Audio document and annotation hierarchy#

Documents#

AudioDocument relies on AudioAnnotationContainer, a subclass of AnnotationContainer, to manage the annotations.

For more details about the common interfaces provided by the core components, please refer to Document.

Annotations#

For the audio modality, AudioDocument can only contain Segment.

Spans#

Similarly to text spans, audio annotations have an audio span pointing to the part of the audio document that is annotated. Contrary to text annotations, multiple discontinuous spans are not supported.

Important

An audio annotation can only have 1 continuous span, and there is no concept of “modified spans”.

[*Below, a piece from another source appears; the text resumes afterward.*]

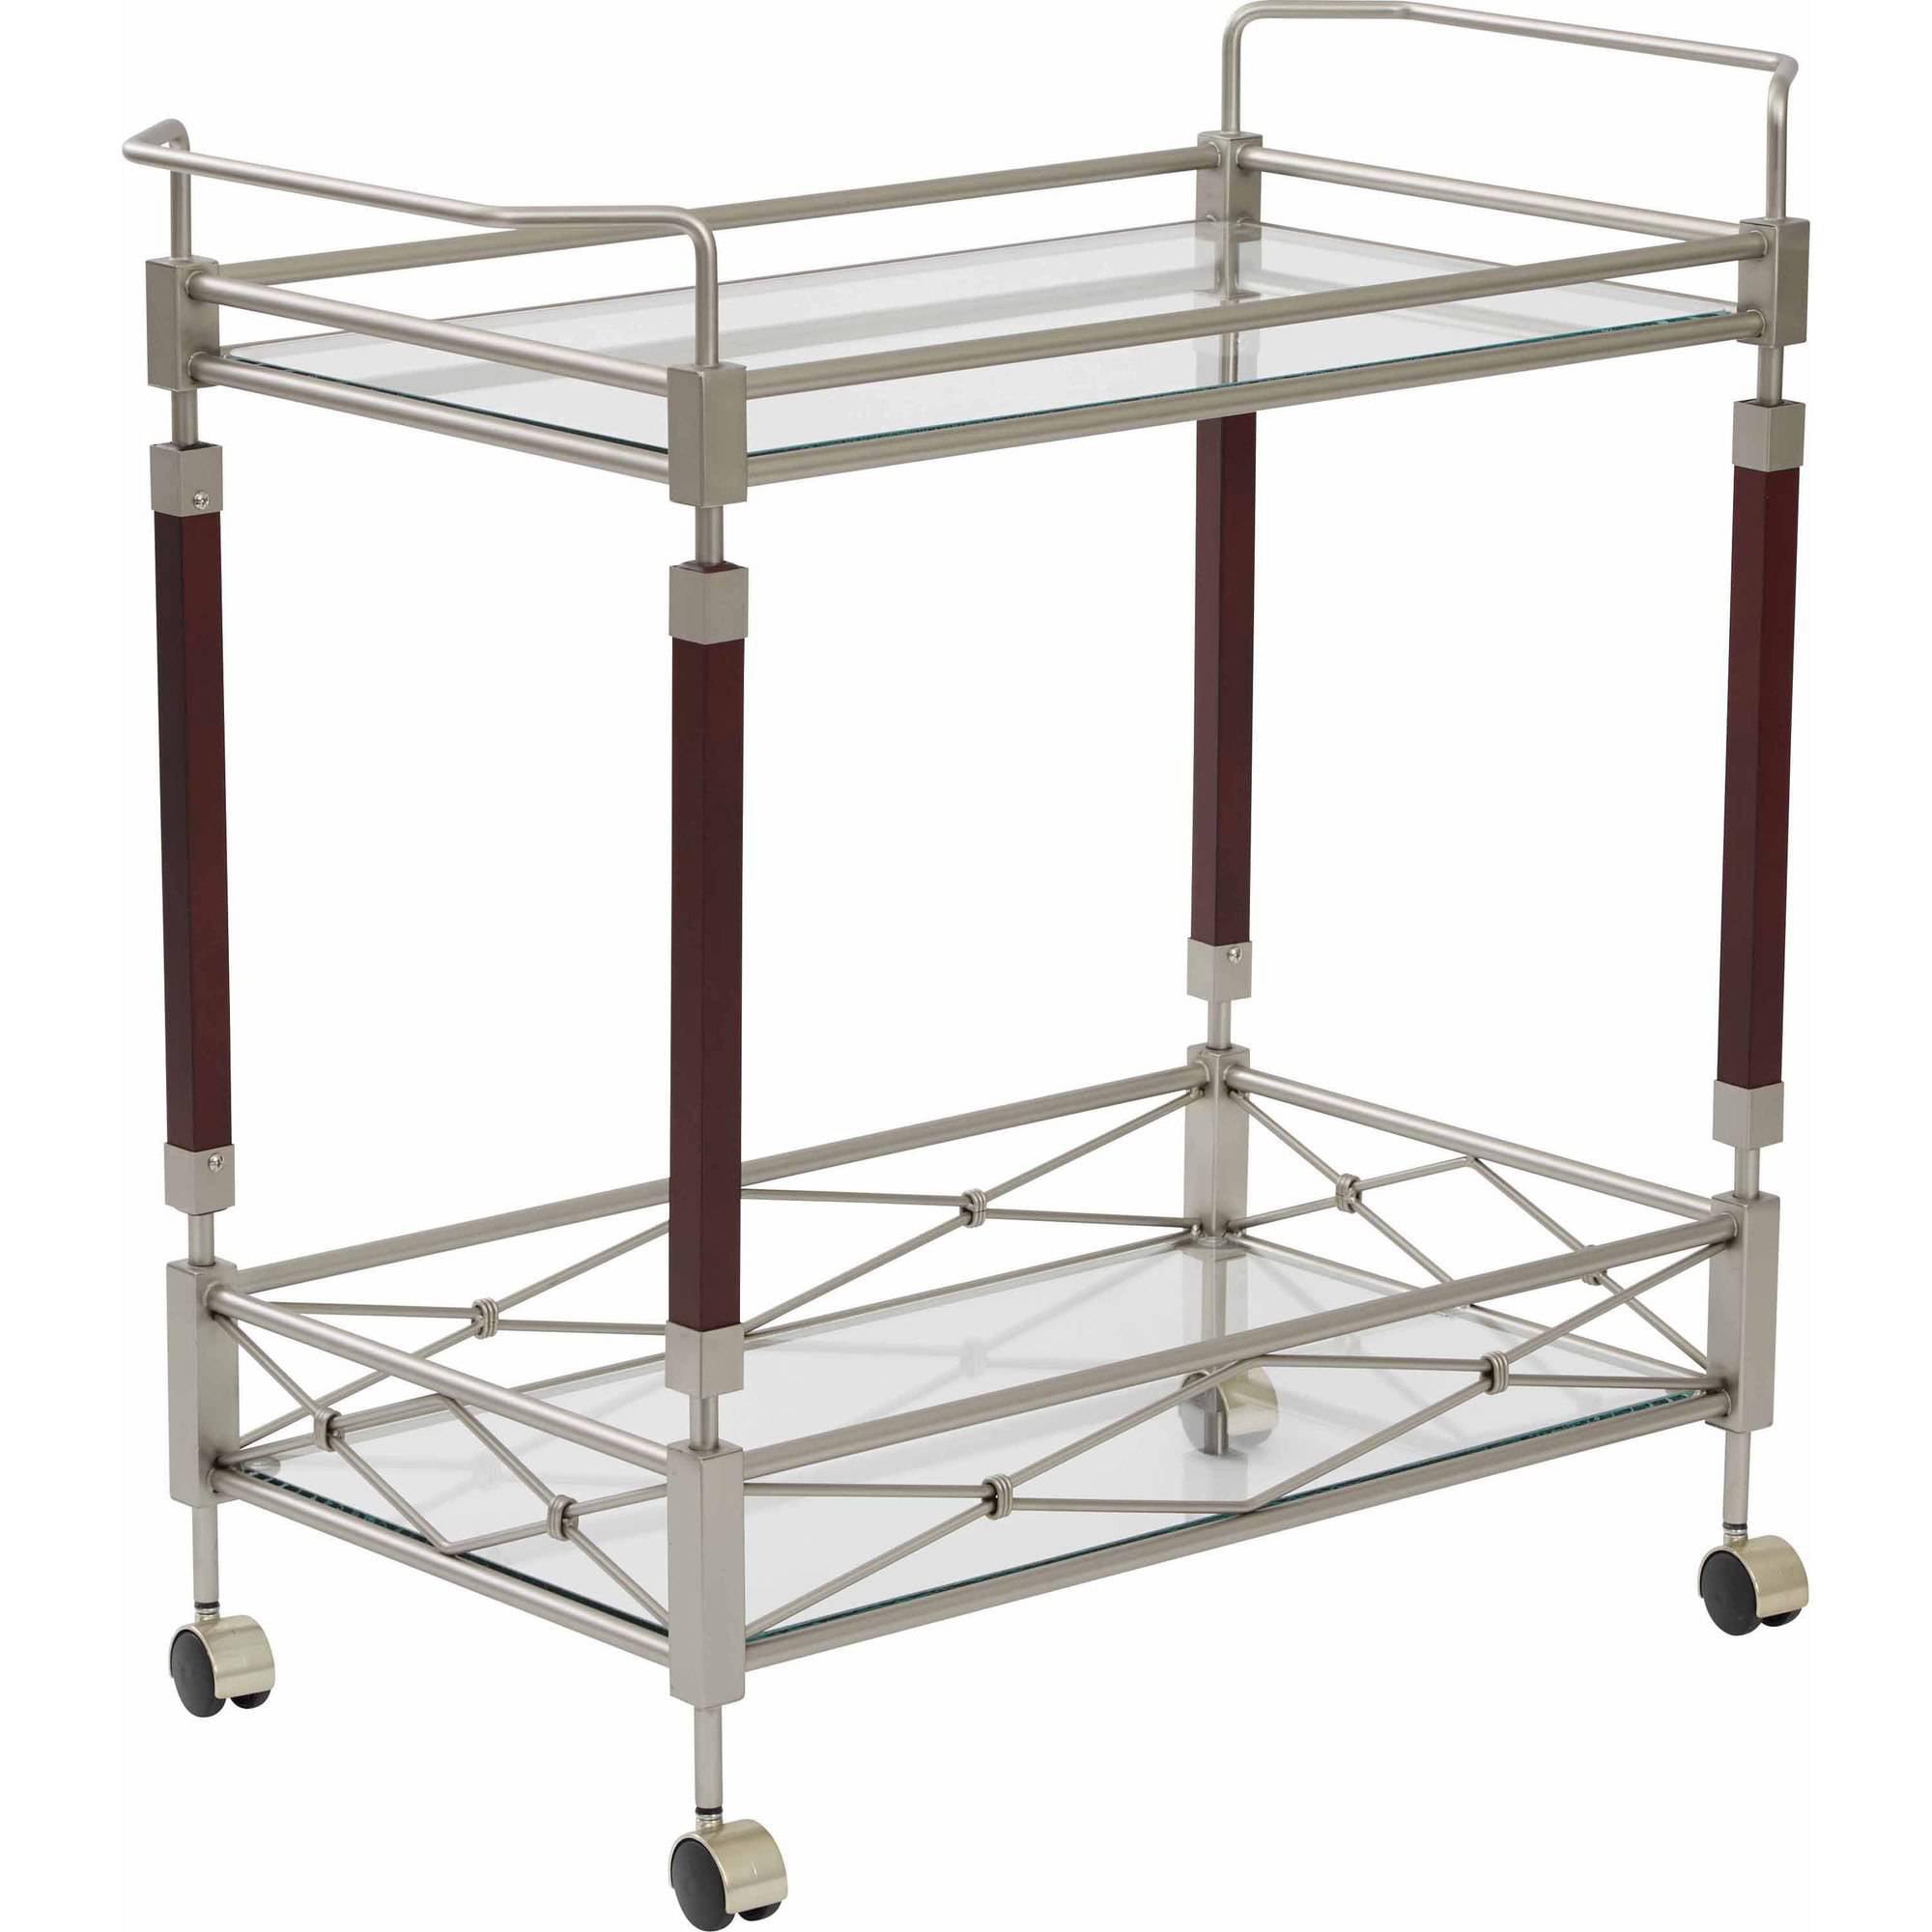 Kitchen cart metal - Office Star Melrose Serving Cart Nickel Brush Metal Frame Walmart Com

For more details about public APIs, please refer to medkit.core.audio.span.

Audio Buffer#

Access to the actual waveform data is handled through AudioBuffer instances.

The same way text annotations store the text they refer to in their text property, audio annotations store the portion of the audio signal they refer to in an audio property holding an AudioBuffer.

The contents of an AudioBuffer might be different from the initial raw signal if it has been preprocessed. If the signal is identical to the initial raw signal, then a FileAudioBuffer can be used (with appropriate start and end boundaries). Otherwise, a MemoryAudioBuffer has to be used, as there is no corresponding audio file containing the signal.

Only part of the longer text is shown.